Personal information
- Full name: Graham Edward Rowe
- Date of birth: 28 August 1945 (age 80)
- Place of birth: Southport, England
- Position: Defender

Senior career*
- Years: Team / Apps / (Gls)
- 1963–1971: Blackpool / 105 / (12)
- 1970–1971: → Tranmere Rovers (loan) / 7 / (0)
- 1971–1972: Bolton Wanderers / 6 / (0)
- Total:  / 118 / (12)

= Graham Rowe =

English footballer

Graham Edward Rowe (born 28 August 1945 in Southport, Lancashire) is an English former professional footballer. He played as a defender.

Rowe began his career just up the Lancashire coast at Ron Suart's Blackpool in 1963. He made his debut on 1 February 1963, in a draw at Wolves. He went on to make a further ten league appearances in the 1963–64 season and scored one goal, in a 3–2 victory over Blackburn Rovers at Bloomfield Road on 30 March 1963.

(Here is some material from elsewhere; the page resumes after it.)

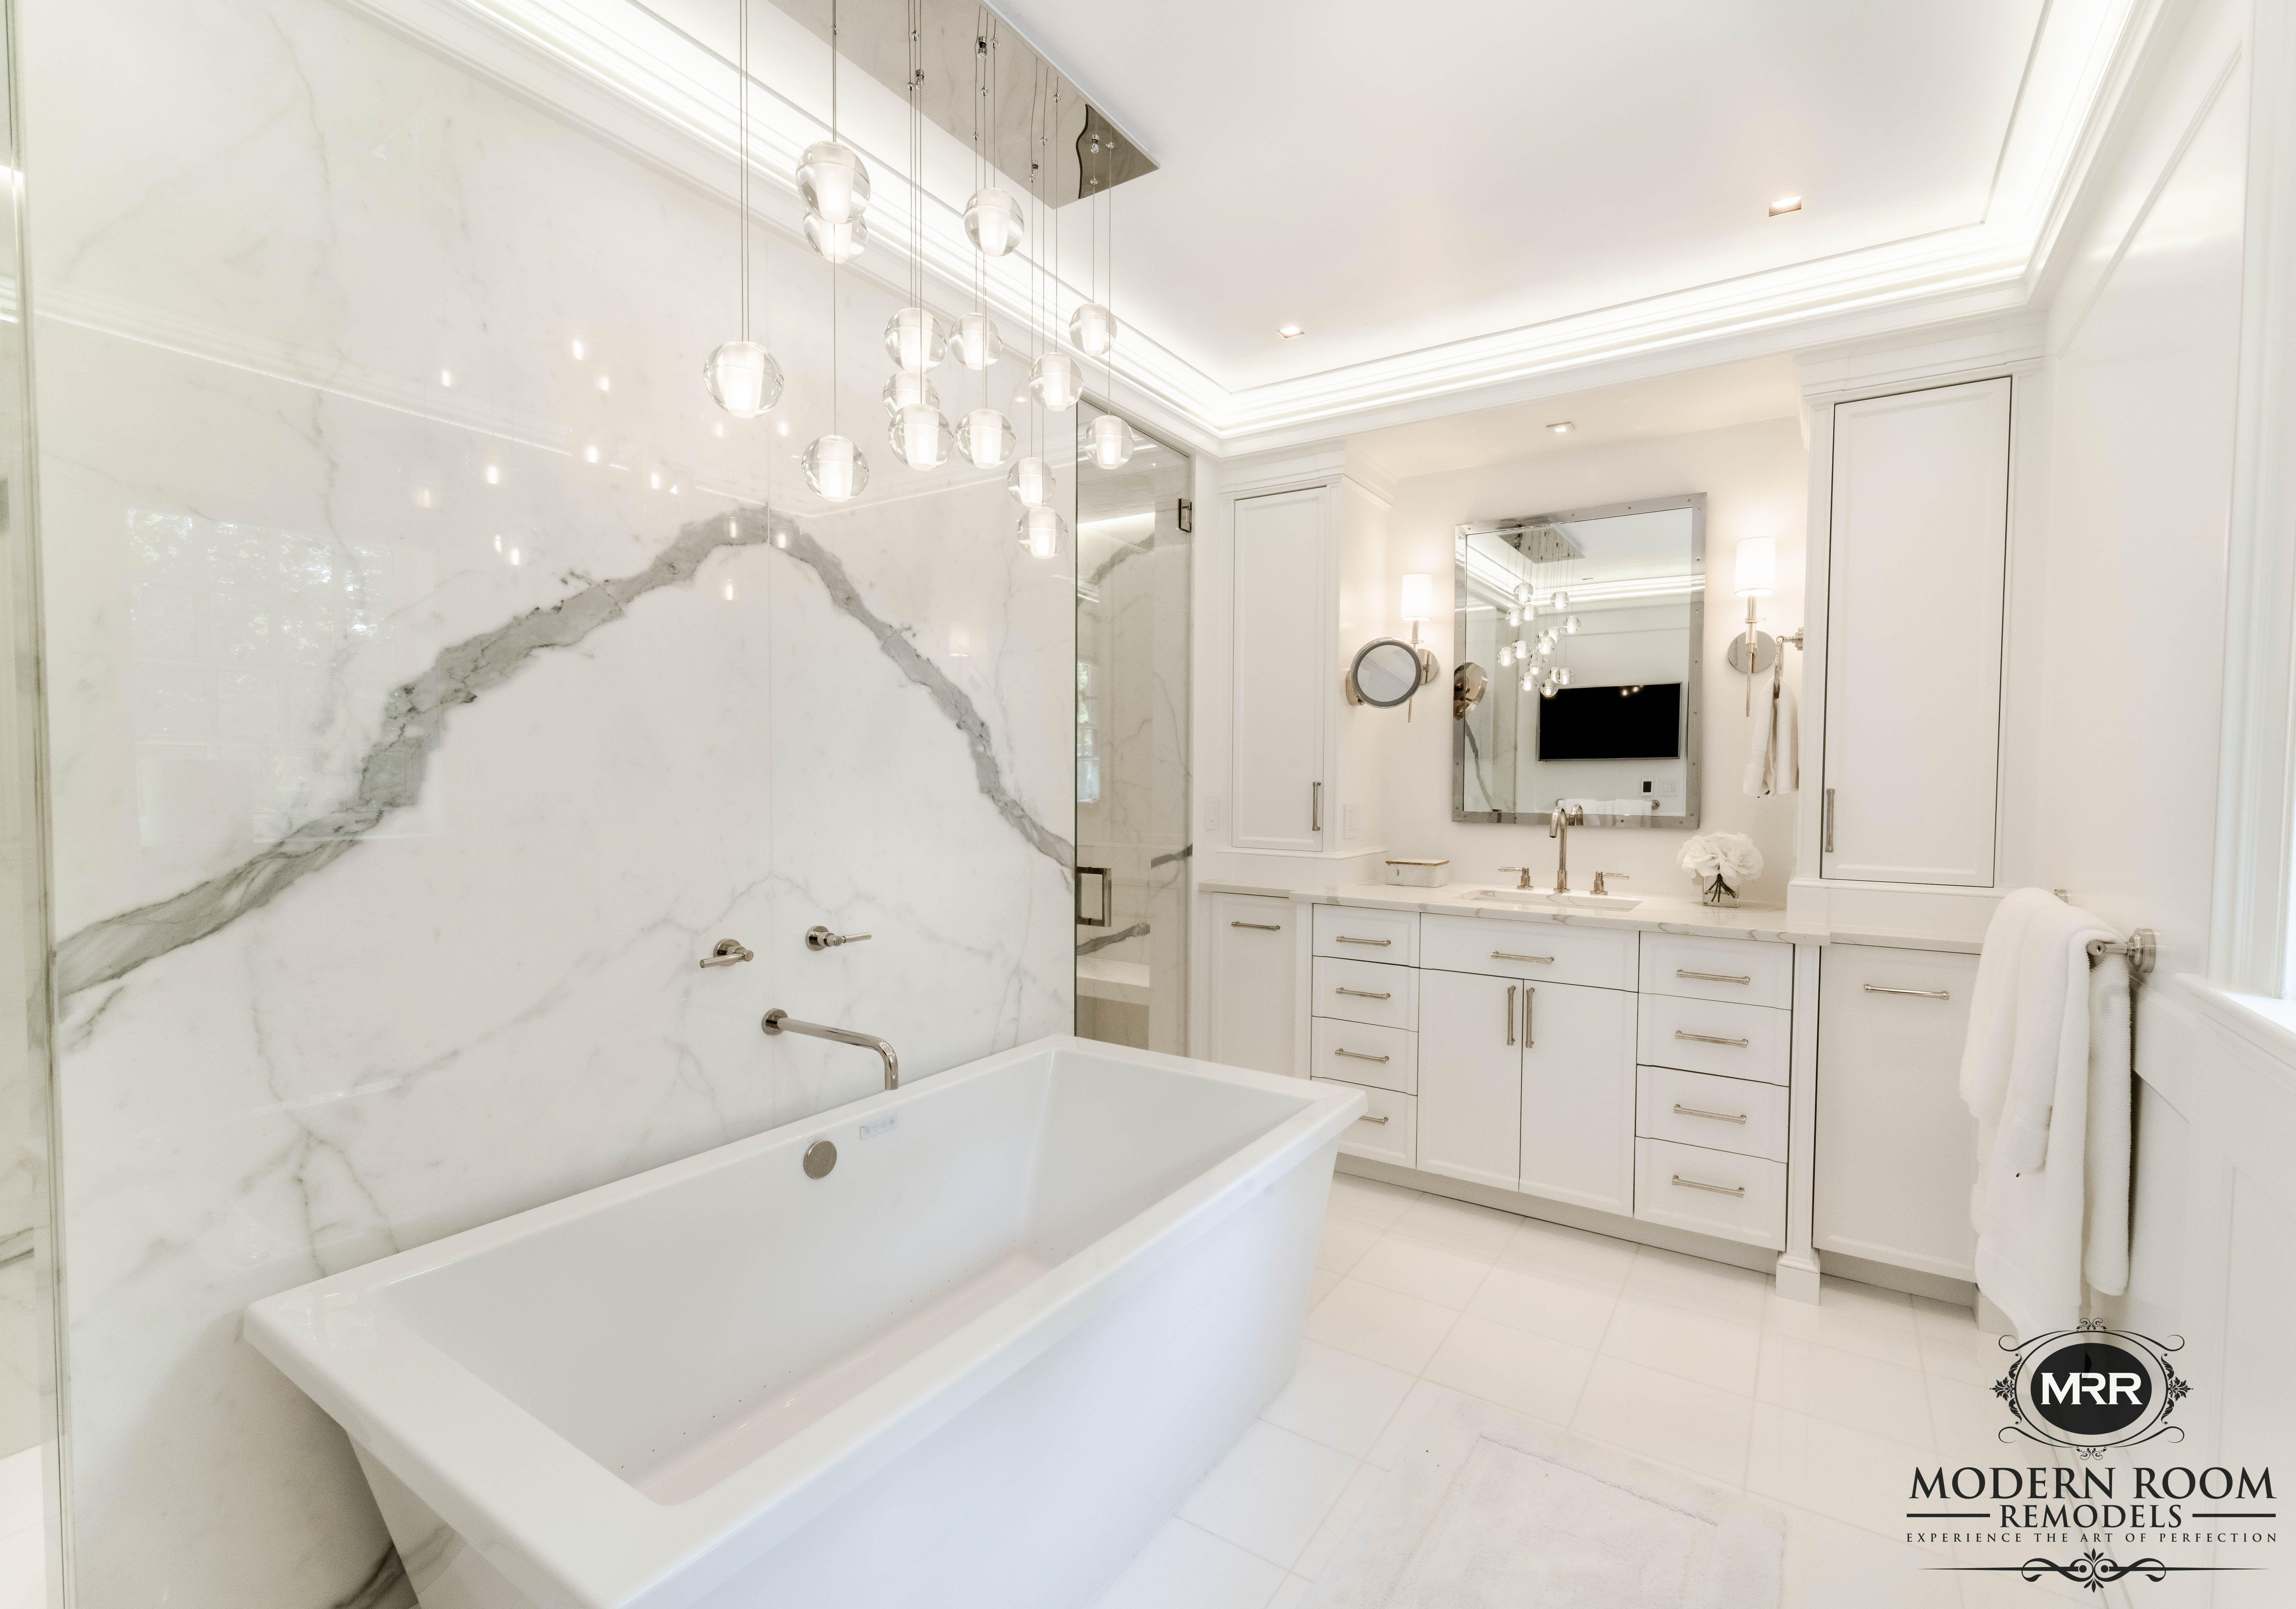 Porcelanosa Xlight Kala White for a MasterBath Suite  Gauged

In 1964–65, Rowe was a regular in the defence, making 23 league appearances and scoring four goals. The following season, 1965–66, saw him make limited appearances, just thirteen overall. The same applied for 1966–67.

In Stan Mortensen's first full season in the manager's hotseat, Rowe again only saw action for a quarter of the season. He did score his first goal in two season, however, in a 2–1 win at Norwich City on 20 April 1968.

Season 1968–69 saw Mortensen move Rowe into a forward position for part of the season. It seemed to work, as he finished third-top scorer behind Alan Suddick and Ronnie Brown with six goals. This included a hat-trick in a 6–0 whitewash of Bury at Bloomfield Road on 23 November 1968.

In 1969–70, Rowe made just six league appearances. He scored one goal in the League Cup, in a 3–1 second-round victory over Gillingham on 3 September 1969.

Rowe's final season at Blackpool, 1970–71, saw him make five league appearances, partly because he joined Tranmere Rovers on loan during the season. He scored in the League Cup again, this time in a 4–1 victory over Newport County on 9 September 1970.

His final appearance for Blackpool occurred on 13 April 1971, in a draw at Stoke City.

Rowe finished his career with Bolton Wanderers in 1972, making six appearances for the Trotters.